In Negotiate Like a Phoenician, Habib Chamoun make points about negotiation by marshalling historical evidence from scripture and drawing attention to the practices of successful ancient negotiators. The Phoenicians of the title were one of the world's first dominant and successful international trading groups. Drawing on historians' research, Chamoun identifies about two dozen principles of “Phoenician negotiating strategy,” including “Know your product,”“Know your customer,”“Know your competition,”“Earn trust,”“Keep the peace,”“Wrap bad news in a Twinkie,” and “Use tradeables!” (Tradeables is Chamoun's trademarked term for “the hidden secret of great deals,” or those things that get integrated during an integrative bargaining process.) The Phoenicians, Chamoun stresses, used win–win negotiation and rapport‐building business practices. And, rather than focus on the conflicts over Biblical meaning, Chamoun notes how much the Bible has to teach us about negotiation.

Jill Shankleman. Oil, Profits, and Peace: Does Business Have a Role in Peacemaking? Washington, DC: United States Institute of Peace, 2006. 234 pages. $35 (paperback), ISBN: 1‐929223‐98‐6.

“While oil might be expected to provide the economic means for preventing or resolving conflict or for rebuilding countries that have suffered civil war, the reality is that countries with oil and gas resources are among the world's most persistent sites of conflict,” writes Jill Shankleman in this book. She goes on to examine the different experiences of three oil‐rich countries — Angola, Azerbaijan, and Sudan — with conflict and corporate social responsibility. She examines the links between oil and conflict in oil‐producing countries, the ways that oil companies can effect positive change, the fiscal rewards awaiting oil companies who could play a larger role in conflict resolution, the factors limiting the extent to which oil companies can reduce conflict, ways to mitigate the “resource curse,” and key components of corporate social responsibility in the oil industry. Shankleman's book should appeal to anyone affiliated with the kind of groups she has consulted for: corporations in the petroleum industry, international organizations, and nongovernmental organizations considering the social and environmental impacts of oil and gas investment.

William J. Durch (ed.). Twenty‐First‐Century Peace Operations, Washington, DC: United States Institute of Peace, 2006. 660 pages. $35 (paperback), ISBN: 1‐929233‐91‐9.

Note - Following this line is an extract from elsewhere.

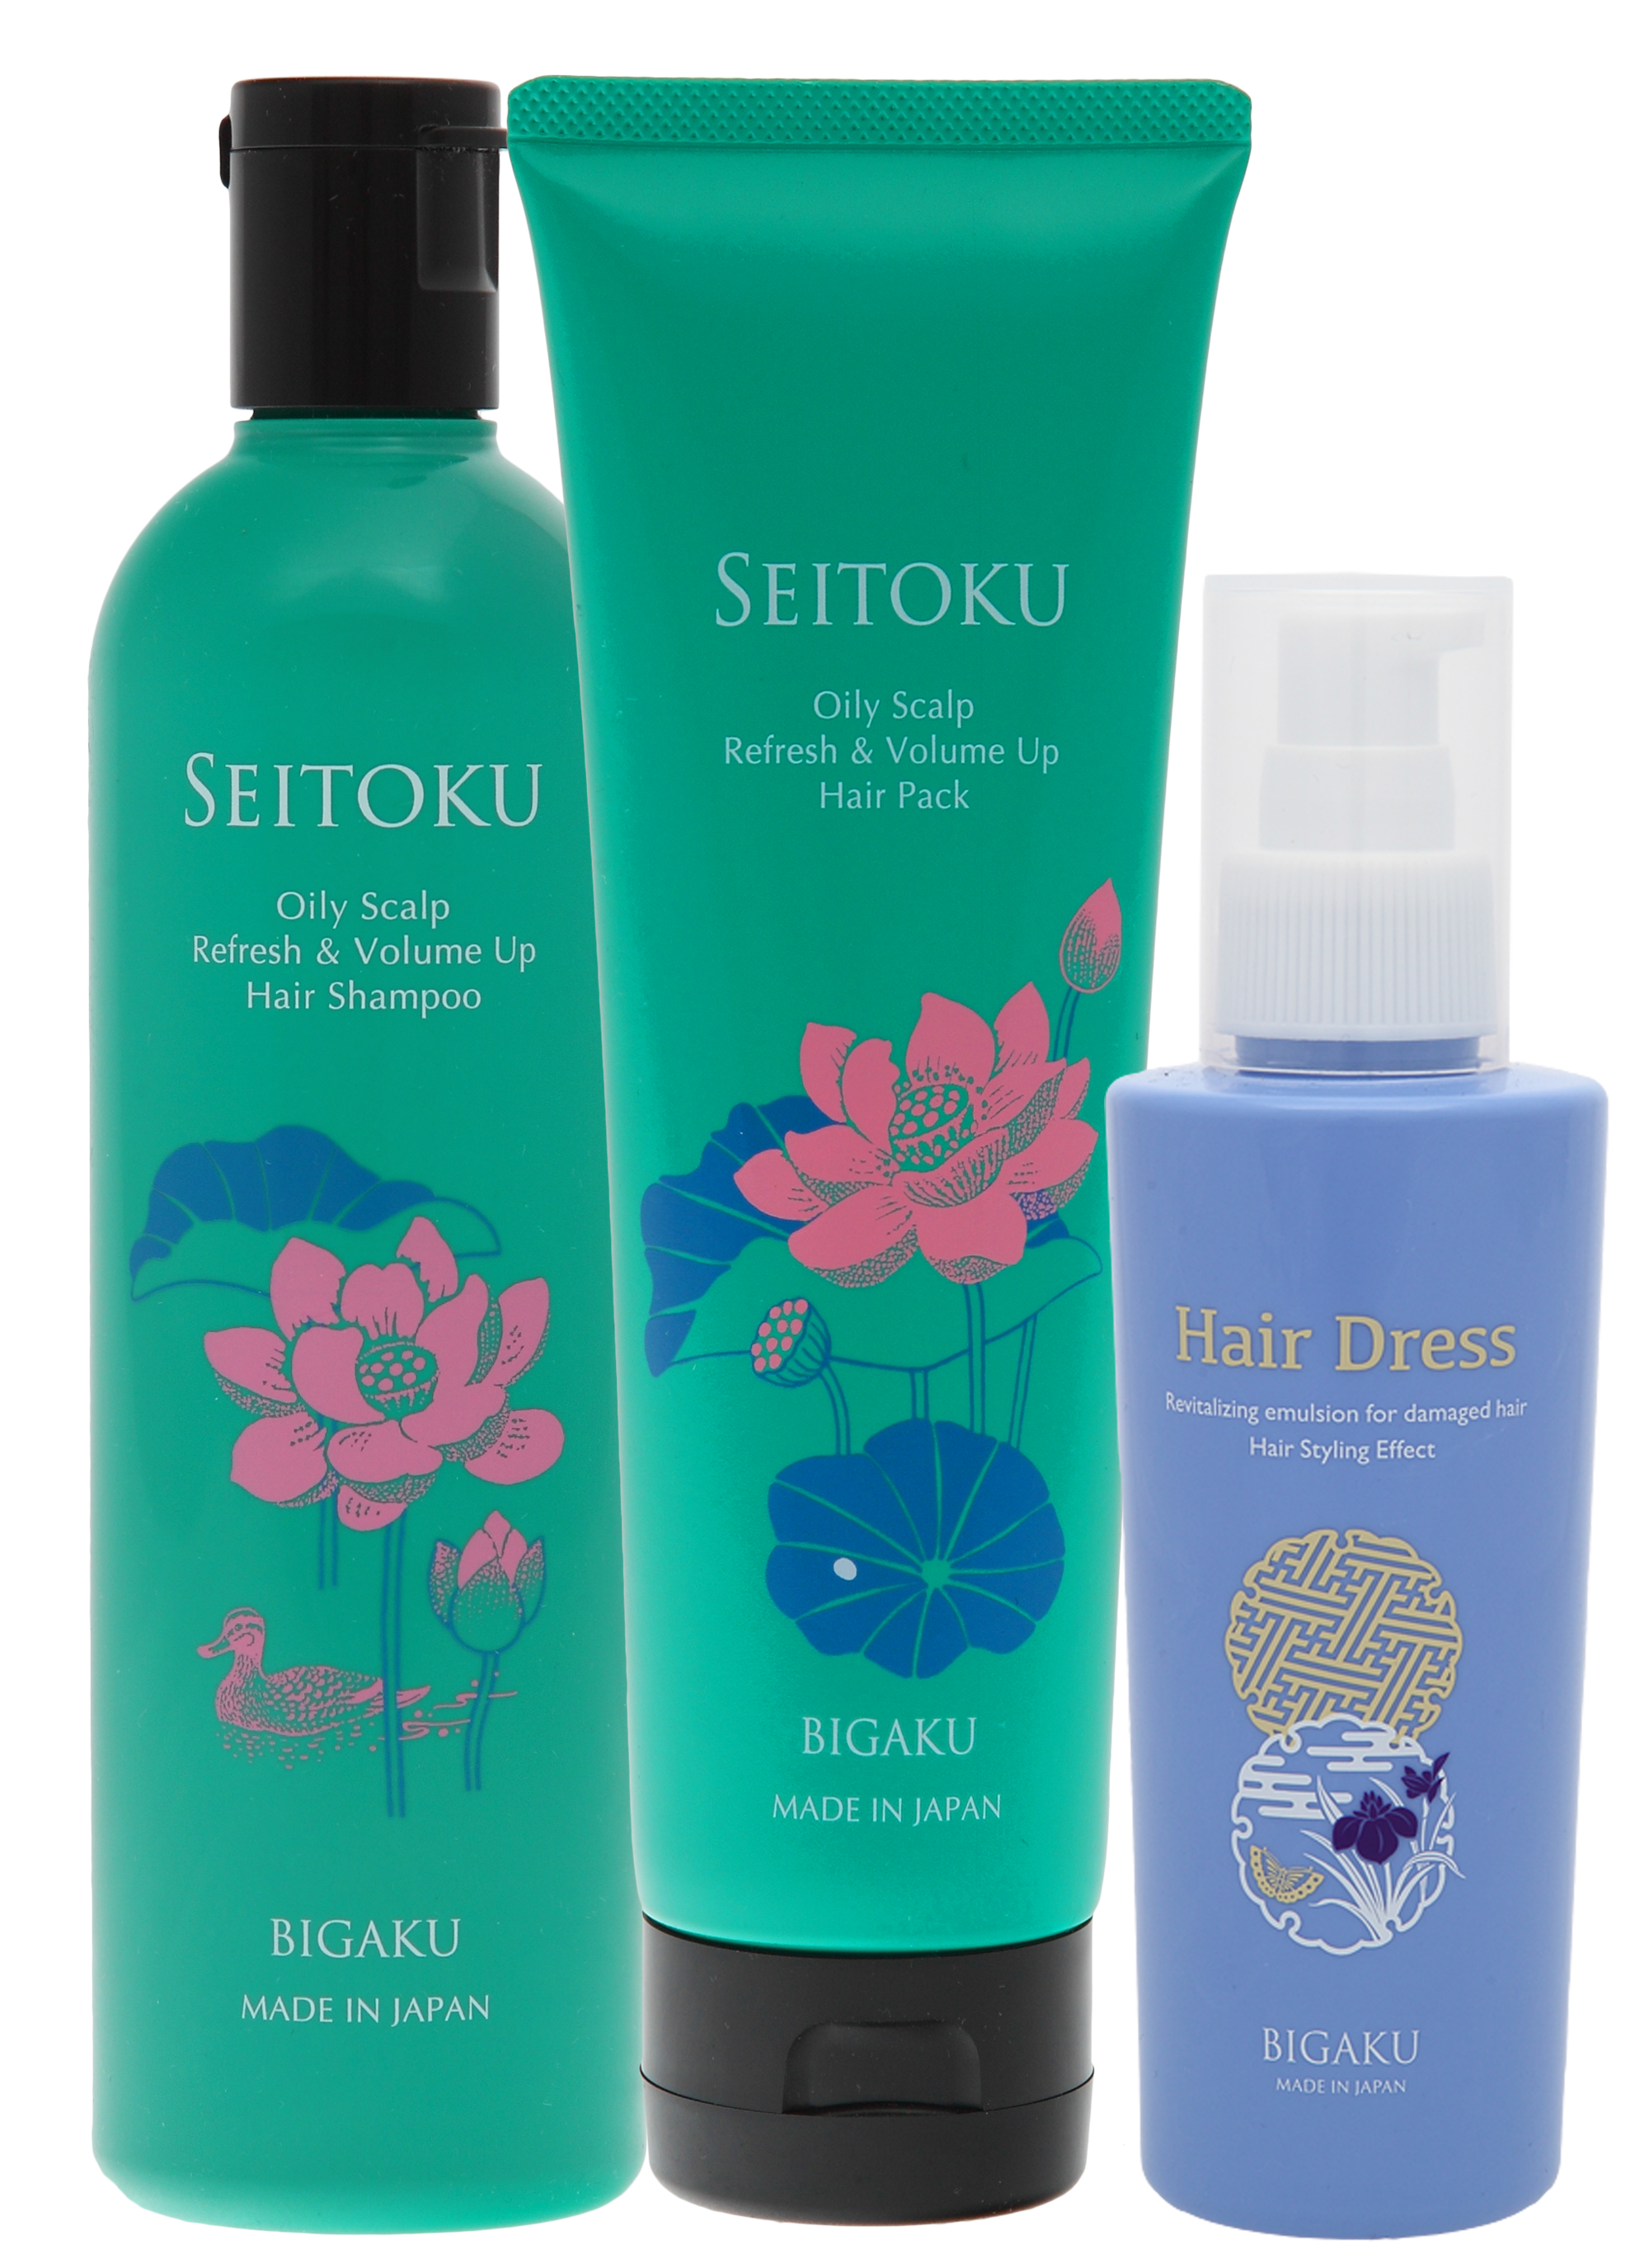 Seitoku Oily Scalp Refresh&Volume Up набор шампунь, маска и Hair Dress, 330мл + 250г + 150г
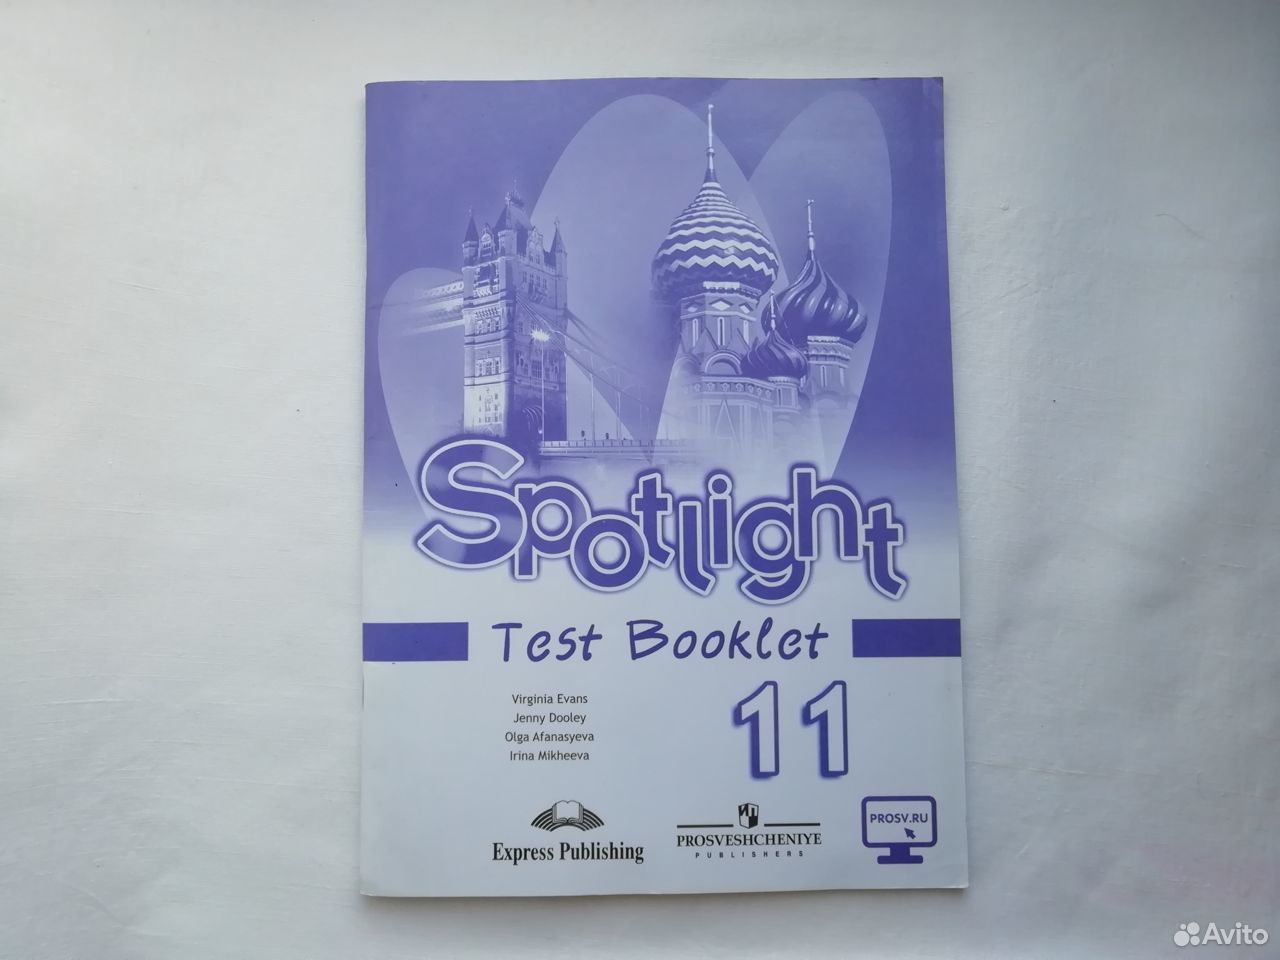 Английский язык test book. Test booklet 11 класс Spotlight. Тест буклет 11 класс Spotlight. Спотлайт 8 тест буклет. Тест буклет спотлайт 11 класс ответы.

Editing his third volume of pragmatic essays examining the Untied Nation's attempts at peacekeeping, Durch presents six cases of complex peace operations in post‐Dayton Bosnia and Herzegovina, Sierra Leone, the Democratic Republic of the Congo, Kosovo, East Timor, and Afghanistan. He and the authors examine successes, failures, and lessons for best practices. There is a special focus on state building amid politically charged peacekeeping efforts.

The authors draw from their experiences helping develop Afghanistan's new constitution and judicial system, serving as deputy force commander for the U.N. Transitional Administration in East Timor, working in the White House and U.S. State Department, directing change management in the U.N. Department of Peacekeeping Operations, and serving in Gaza with the Office of the U.N. Special Coordinator for the Middle East Peace Process. This thorough and comprehensive volume will be of special interest to scholars of international relations, practitioners, and policymakers.